O Conselho Federal de Medicina (CFM) aprovou a Resolução nº 2.448/25, com o objetivo de tornar mais claros os critérios para a realização das glosas de procedimentos médicos. A nova norma, publicada no Diário Oficial da União no último dia 4, revoga a Resolução nº 1.614/01, que regulamentava a auditoria médica até então.
A resolução estabelece que procedimentos pré-autorizados e efetivamente realizados não poderão ser glosados, reforçando a responsabilidade dos diretores técnicos dos estabelecimentos de saúde e das operadoras de planos. A medida busca reduzir o número de glosas injustificadas e aprimorar a transparência nas relações entre médicos, instituições e operadoras.
A norma reafirma que a auditoria médica é um ato privativo do médico, que deve se basear na ciência, nas diretrizes clínicas e nos protocolos terapêuticos, sempre respeitando a autonomia profissional e priorizando o benefício ao paciente. Em casos de divergência entre o médico assistente e o auditor, será obrigatória a realização de exame presencial, sendo vedada a auditoria remota. Além disso, as divergências deverão ser fundamentadas a partir da história clínica do paciente, não podendo se basear apenas em exames complementares.

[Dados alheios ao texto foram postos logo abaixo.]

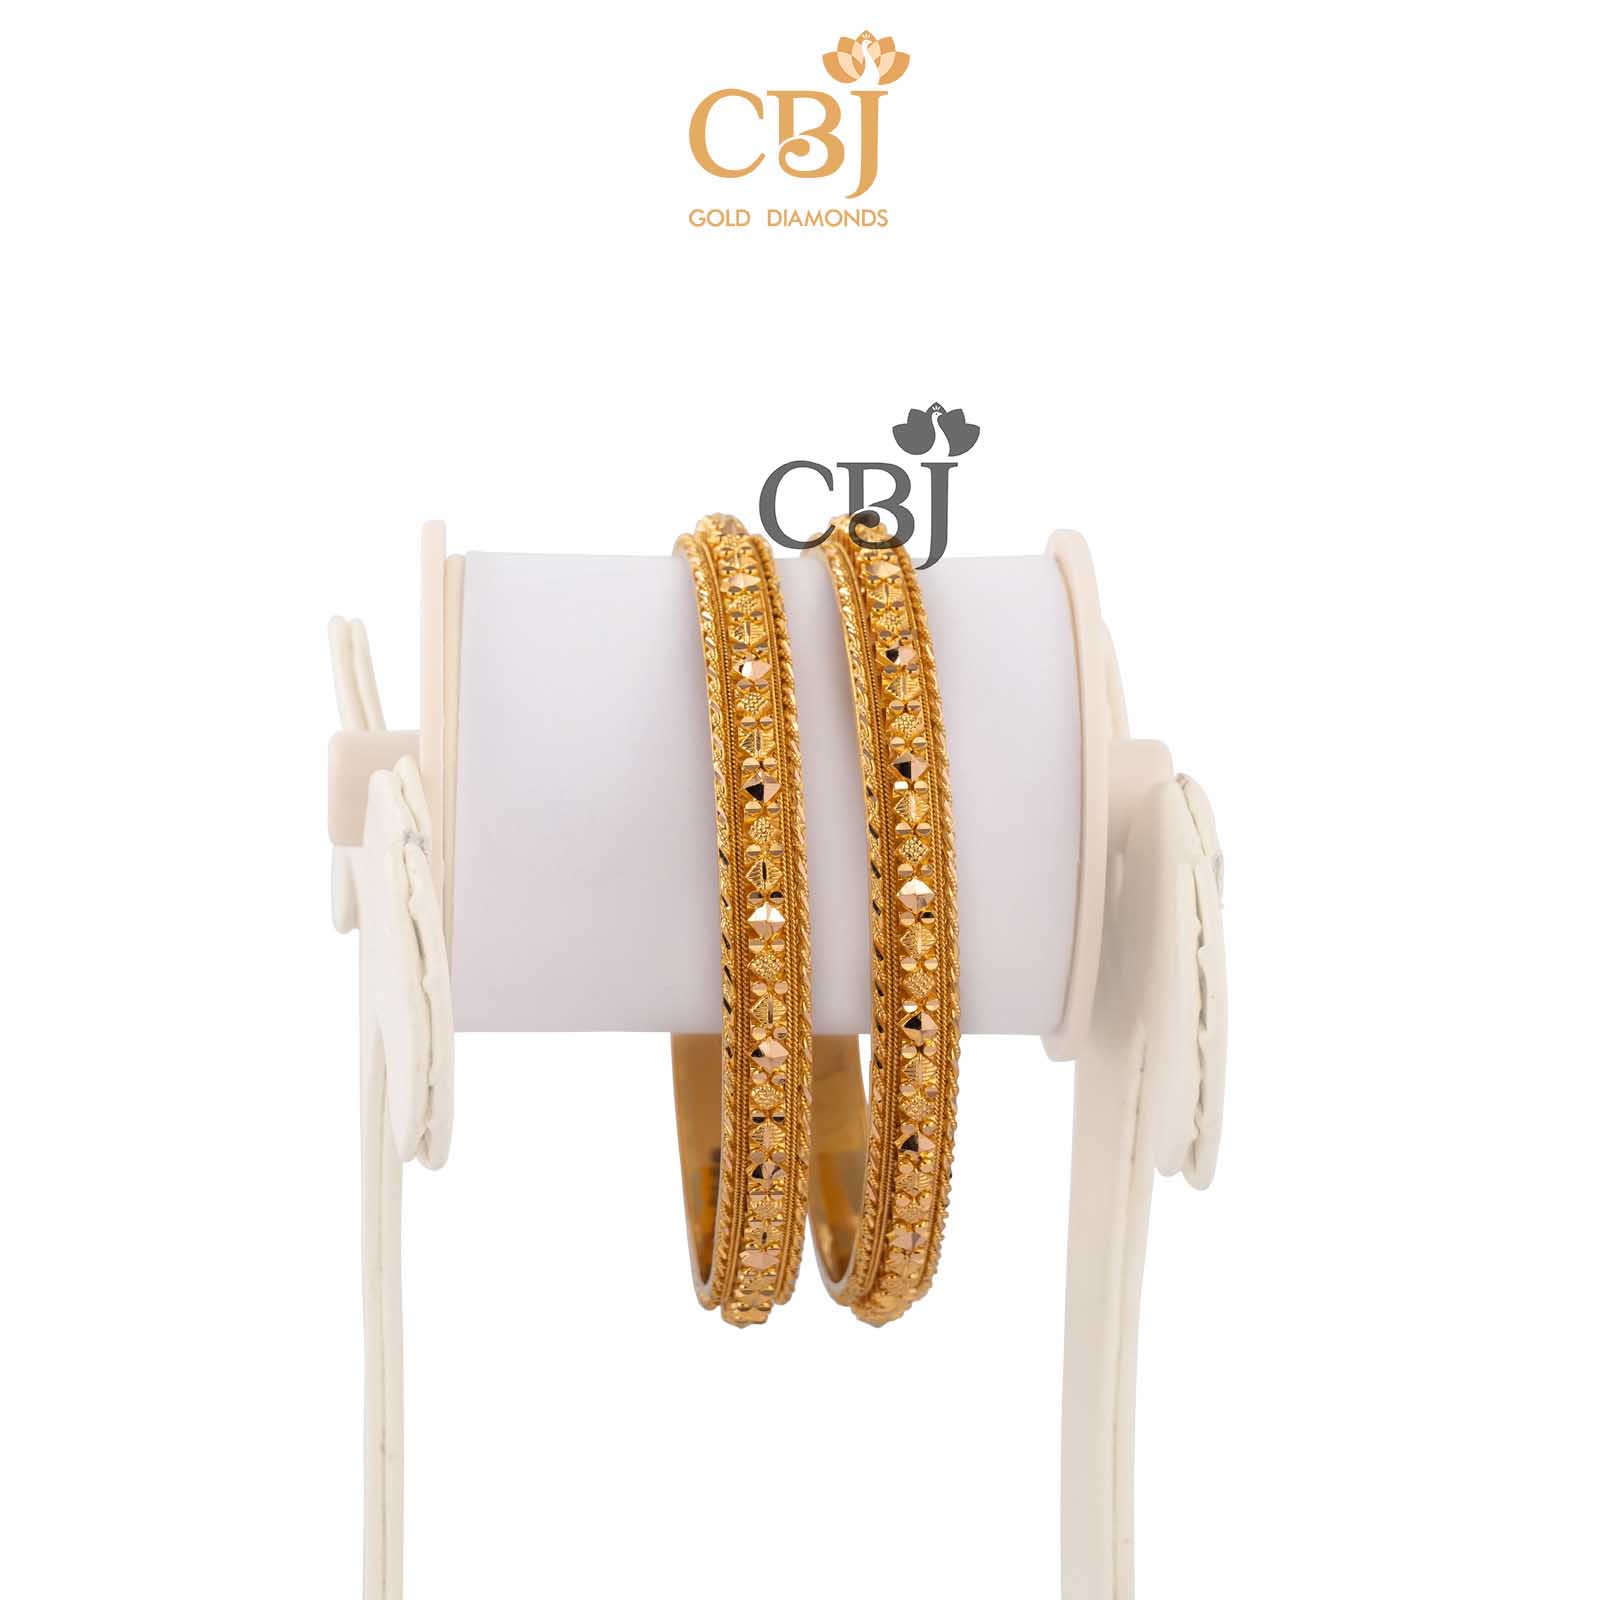 Gold Rope Chain Bracelet | Astrid & Miyu Bracelets

OPME e programas de acreditação
O texto determina que os programas de acreditação das operadoras não substituem a auditoria médica e não podem ser usados para interferir na conduta assistencial. Esses programas também não podem servir de base para glosas, negativas de cobertura ou contestação de honorários, diárias e taxas hospitalares, nem para a recusa de materiais, medicamentos, órteses, próteses e materiais especiais (OPME).
A nova regulamentação também veda a atuação de funções paralelas que vinham sendo utilizadas por operadoras, como “pareceristas” ou “consultores especializados”, reafirmando que somente médicos auditores podem exercer essa…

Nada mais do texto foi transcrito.